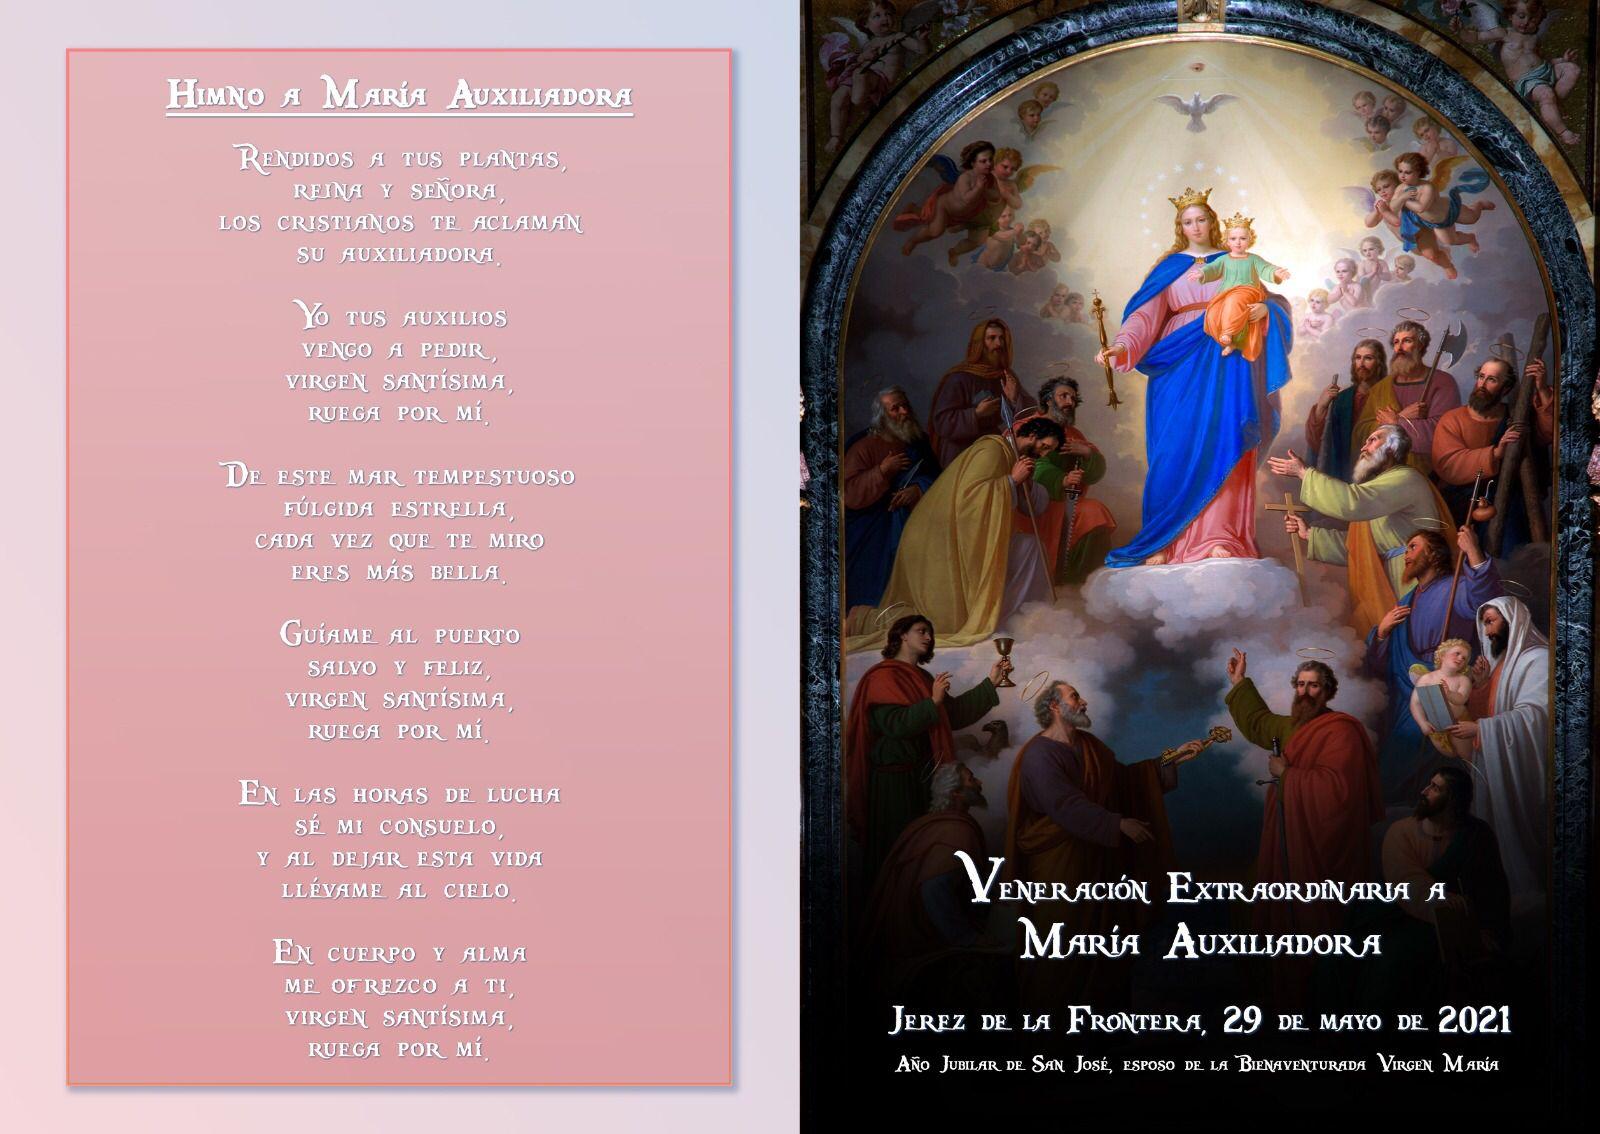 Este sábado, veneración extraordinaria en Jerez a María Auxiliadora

...

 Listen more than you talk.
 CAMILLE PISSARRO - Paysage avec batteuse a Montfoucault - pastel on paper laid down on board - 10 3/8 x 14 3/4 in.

### Task prompt
Copy the lines of the data above exactly as written, beginning with the line containing "Listen more than you talk." and ending with the line containing "CAMILLE PISSARRO - Paysage", and leave out all other lines.

### Exercise answer
 Listen more than you talk.
 CAMILLE PISSARRO - Paysage avec batteuse a Montfoucault - pastel on paper laid down on board - 10 3/8 x 14 3/4 in.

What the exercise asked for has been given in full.